The competitors include "Dirty Rotten Scoundrels," another musical drawn from a film; "The Light in the Piazza," a high-minded musical from Lincoln Center Theater, also once filmed; and "The 25th Annual Putnam County Spelling Bee," a low-budget but critically acclaimed musical comedy that was originally conceived as an Off Off Broadway play. The awards will be announced June 5 at Radio City Music Hall.
Of the best musical nominees, both "Dirty Rotten Scoundrels" and "The Light in the Piazza" also made strong showings, each bringing in 11 nominations. For "Scoundrels," that included nominations for its two leading actors, John Lithgow and Norbert Leo Butz.
Both Hank Azaria and Tim Curry from "Spamalot" were also nominated for their performances as leading actors in a musical, as was Gary Beach, who was cited for his work in the revival of "La Cage Aux Folles." "Spelling Bee," meanwhile, received six nominations, including featured actor nominations for Dan Fogler and Celia Keenan-Bolger, both making their Broadway debuts.
What may have been more notable than who was nominated, however, was who was left off the list in two prominent - and highly contested - acting categories. In the competition for leading actor in a play, Denzel Washington, currently appearing as Brutus in "Julius Caesar," was absent from the list, as was Jeff Goldblum, who plays a curious cop in Martin McDonagh's dark comedy, "The Pillowman."
In the leading actress category, meanwhile, Jessica Lange was passed over for her performance as the mother in a revival of "The Glass Menagerie," as was Natasha Richardson for her work in another Tennessee Williams' revival, "A Streetcar Named Desire."
In the men's category, both James Earl Jones (playing a crotchety professor in "On Golden Pond") and Billy Crudup (as a possible child killer in "The Pillowman") were nominated, as were several respected Broadway leading men like Philip Bosco (for his work as a juror in "Twelve Angry Men"), Bill Irwin (the long-suffering husband in "Edward Albee's Who's Afraid of Virginia Wollf,") and Brian F. O'Byrne, for his work as a priest suspected of pedophilia in "Doubt," John Patrick Shanley's Pulitzer Prize-winning drama.
That production - which started Off Broadway before jumping to Broadway this spring - landed the most nominations in the dramatic categories, with eight, including nods for best play and for Cherry Jones (leading actress in a play) for her performance as a nun.
The competition was expected to be fierce in the leading actress category, with Laura Linney ("Sight Unseen"), Phylicia Rashad ("Gem of the Ocean"), Kathleen Turner ("Virginia Wolff") and Mary-Louise Parker ("Reckless") all in the running.
As for new play, the main competitor to "Doubt" seems to "The Pillowman," though the two other nominees - "Gem of the Ocean," August Wilson's turn-of-the-20th century drama, and Michael Frayn's "Democracy," about former German chancellor Willy Brandt - may also grab some votes.

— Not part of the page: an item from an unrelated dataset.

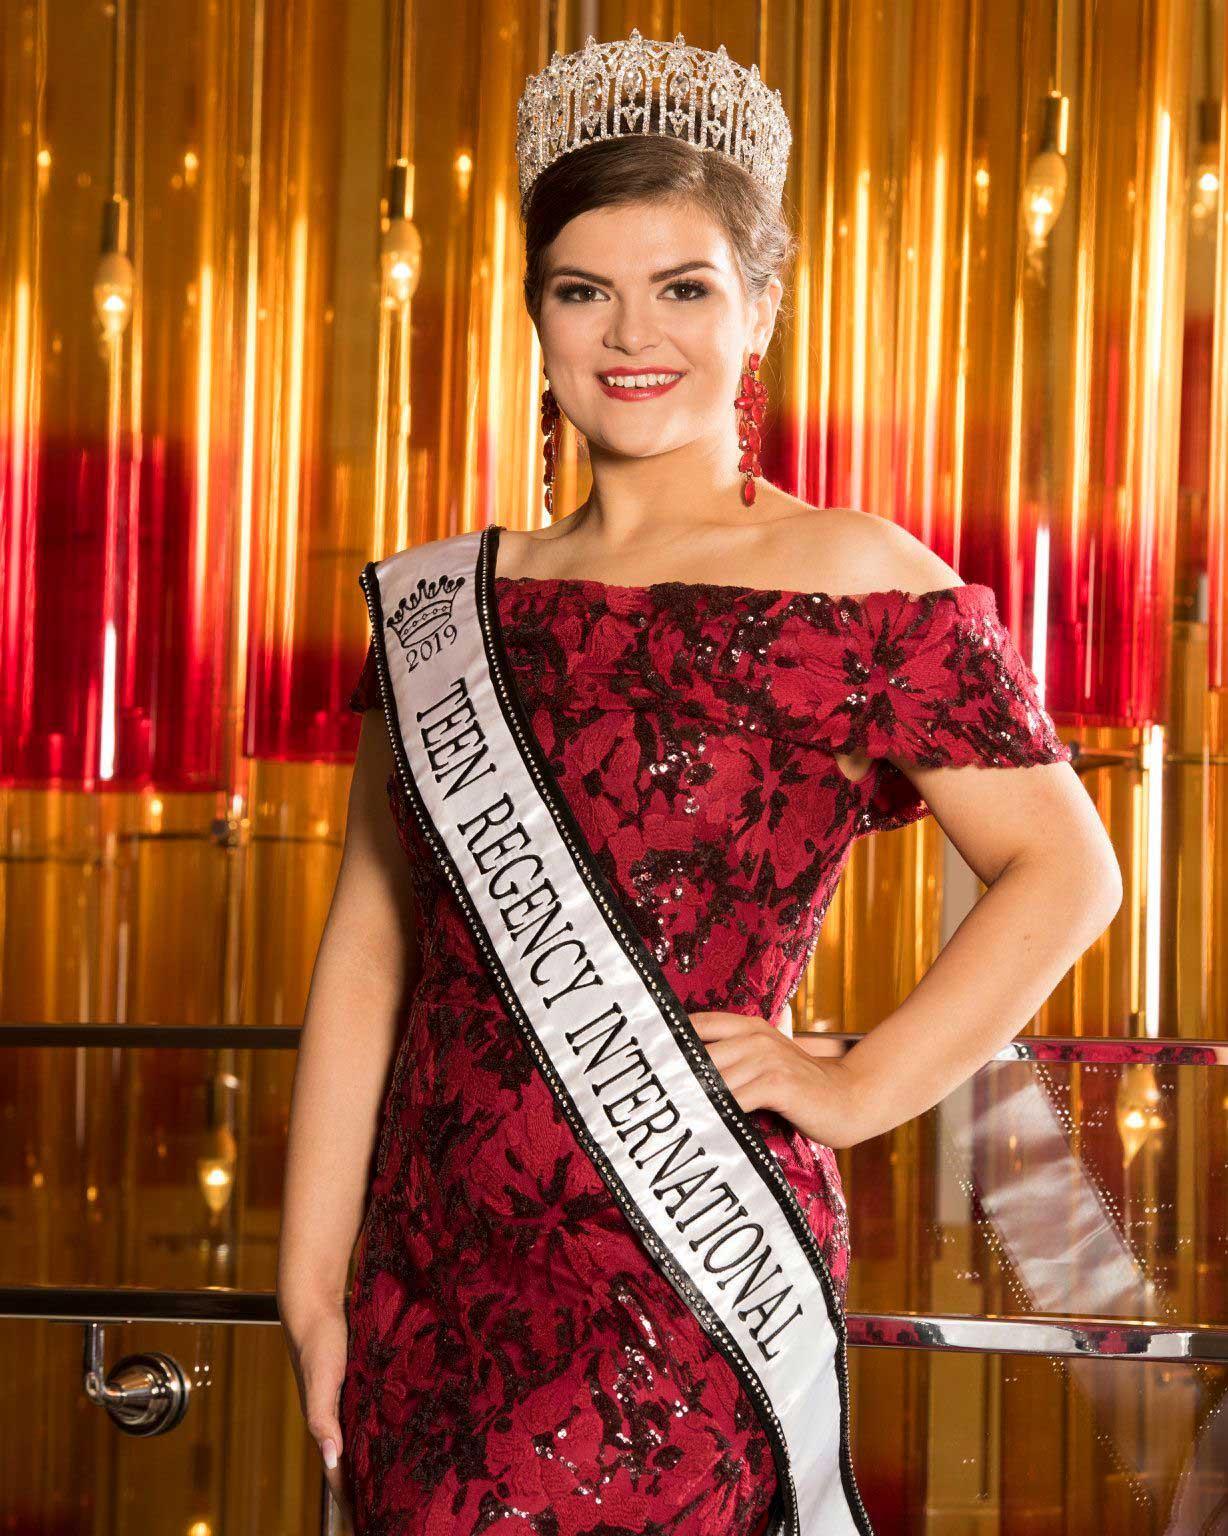 Teen Regency International Pageant 2019-2020 Lucy Rayner
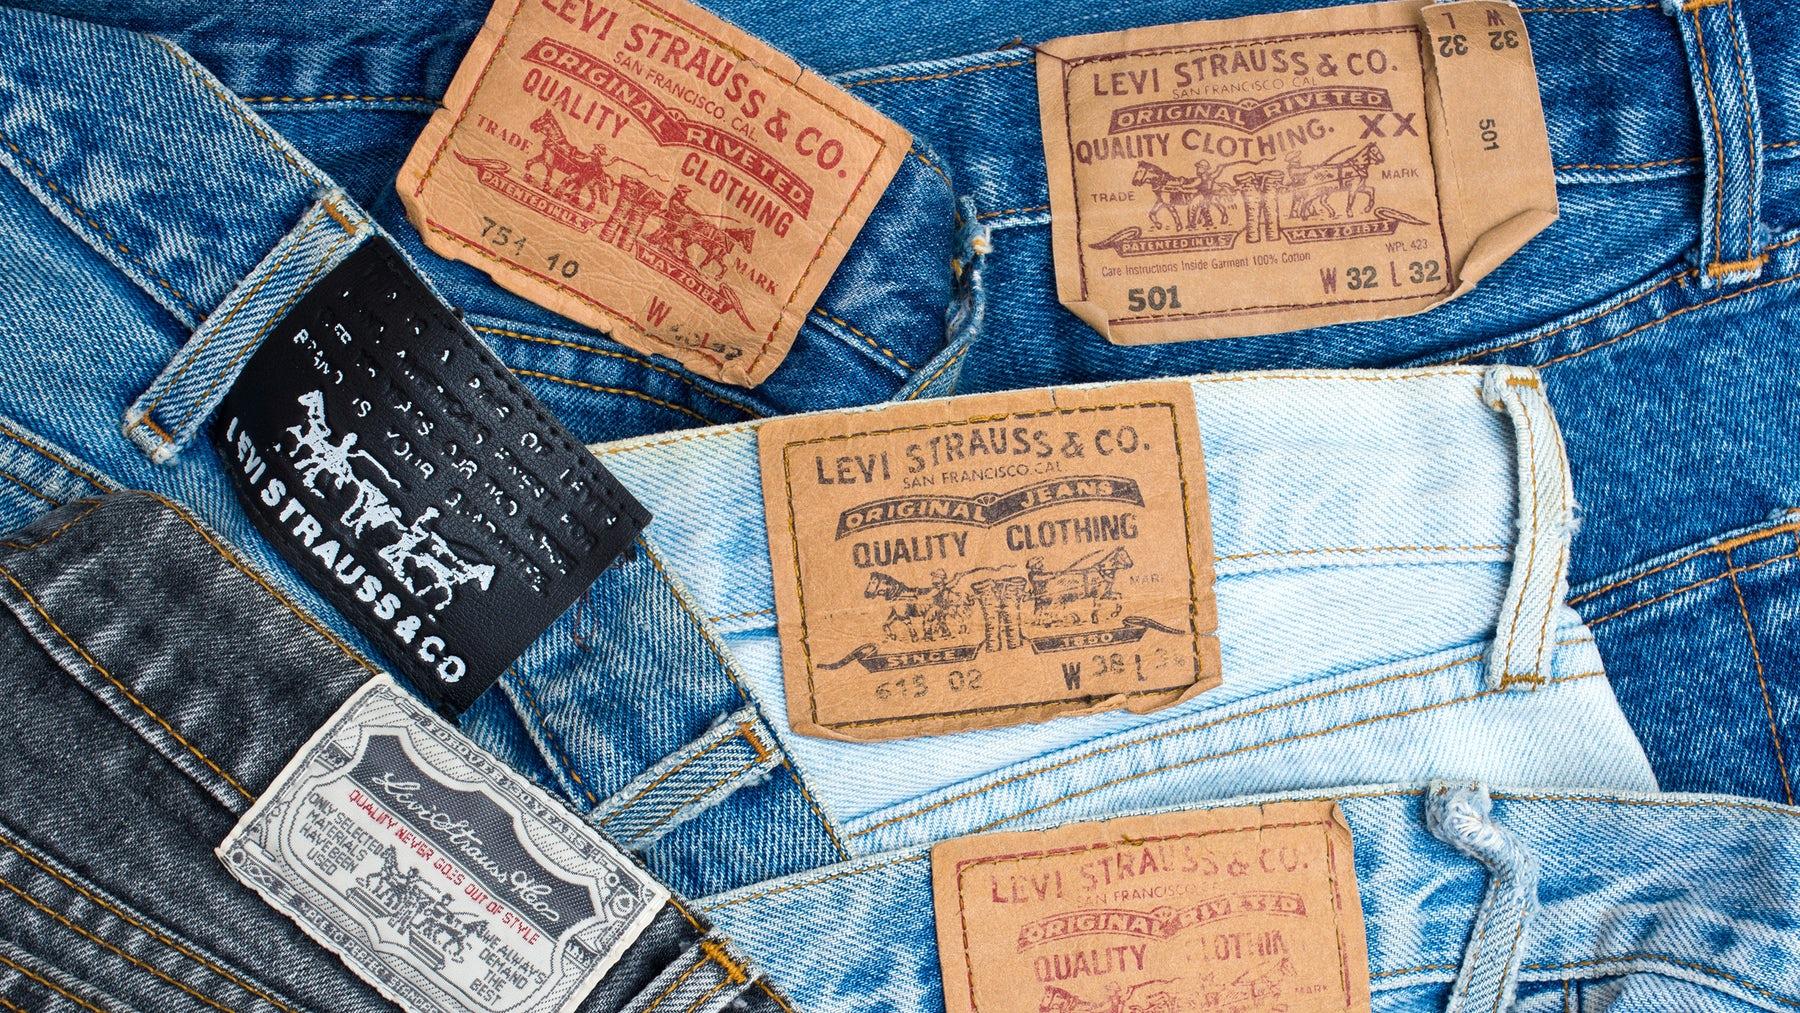 Levi's jeans | Source: Shutterstock

Christina Applegate, the television star who broke her foot but still made her Broadway debut in a revival of "Sweet Charity," may have already won in the sympathy vote in her category, leading actress in a musical.
But Ms. Applegate will face stiff competition from Sutton Foster (nominated for "Little Women"), who won in 2002; Sherie Rene Scott, from "Scoundrels"; Erin Dilly, from the car-loving spectacle "Chitty Chitty Bang Bang"; and Victoria Clark, who received some of the best reviews of the year for her portrayal of an American abroad in "Light in the Piazza."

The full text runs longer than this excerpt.